• Carly Zimmaro

Garlic-Lime, Steak Fajitas with Avocado

I have been craving steak fajitas for the longest time! This was the first time I worked with Flank Steak and it came out absolutely delicious!! The marinade is the key to this. You need a two hour time slot, otherwise they won't come out as tasty!!

The marinade smells absolutely divine! Pour about half on the flank steak, smear around, flip over, and coat with the remaining.

Looks good enough to eat as it is right? Now if you want to marinate this longer, I wouldn't go over 8 hours. Just make sure the last hour you pull the steak out of the fridge to come to room temp.

DELISHHHHH.....here's the recipe! :)


  • Flank Steak (about 1 pound or so)

  • 3 garlic cloves minced

  • 2 Tbs olive oil

  • Juice of one lime (and zest optional)

  • 1 heaping Tbs of fresh minced parsley (or cilantro)

  • 1 Tbs minced pickled jalapenos with seeds (or fresh – no seeds)

  • ½ tsp cumin

  • 4 fajita tortillas (I used multi-grain)


  • ½ c extra sharp white cheddar cheese

  • Sour Cream – mixed in some fresh chopped parsley, salt and minced garlic

  • Sliced red onions

  • Avocado Slices – tossed with some lime juice

  • Lime slices for squeezing


  1. Mix together all of your marinating ingredients and pour over your flank steak and let marinate for two hours. One hour in the fridge and the last hour at room temp.

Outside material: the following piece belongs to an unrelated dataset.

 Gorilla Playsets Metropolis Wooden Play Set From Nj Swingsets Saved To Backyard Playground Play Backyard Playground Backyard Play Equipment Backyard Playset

  2. Over a skillet or griddler, get the heat HOT! Around medium-high to high.

  3. When hot, add a little olive oil and then your steak. Cook for about 3-5 minutes on each side for medium rare.

  4. Let rest for 7 minutes, this is extremely important.

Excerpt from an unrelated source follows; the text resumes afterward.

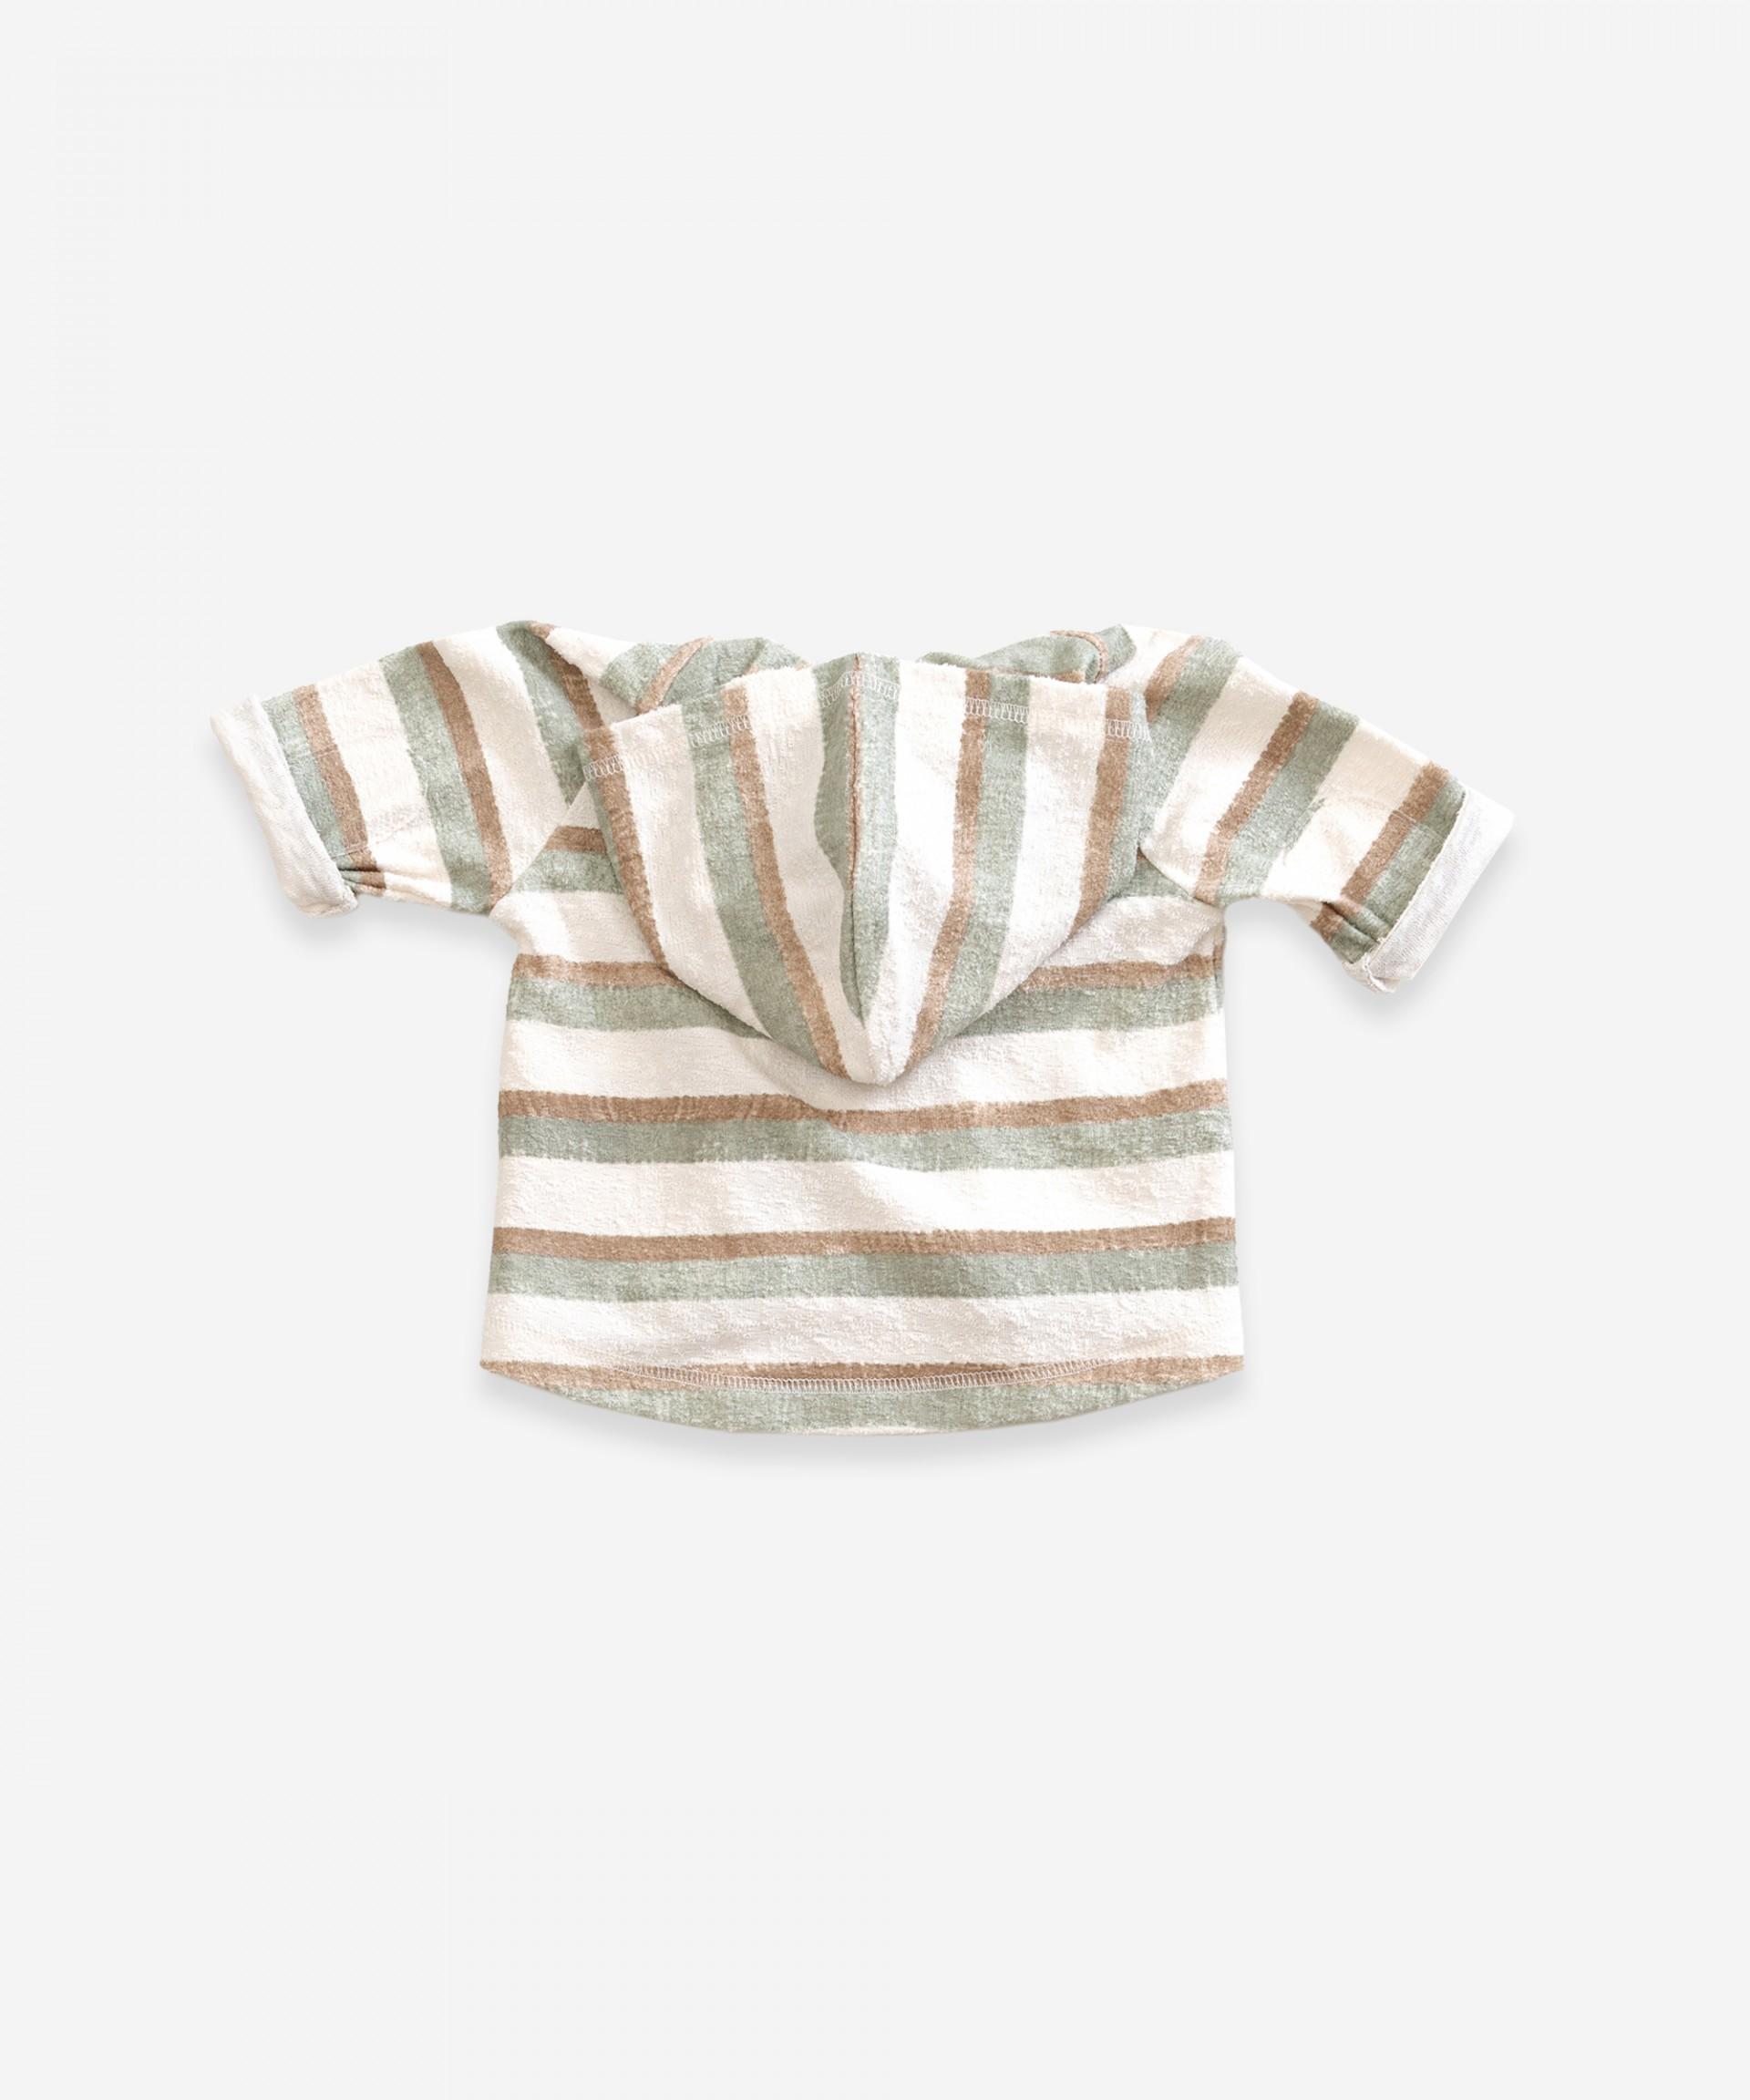 Chaqueta de algodón orgánico | Weaving

  5. Meanwhile get your fajitas ready to assemble. Microwave your tortillas (if desired) for about 20 seconds. Fill with your cheese and avocado.

  6. When steak is ready slice on a sharp diagonal, against the grain into thin slices. This makes 4 nice fajitas.

  7. Layer the meat into each fajita and top with desired toppings.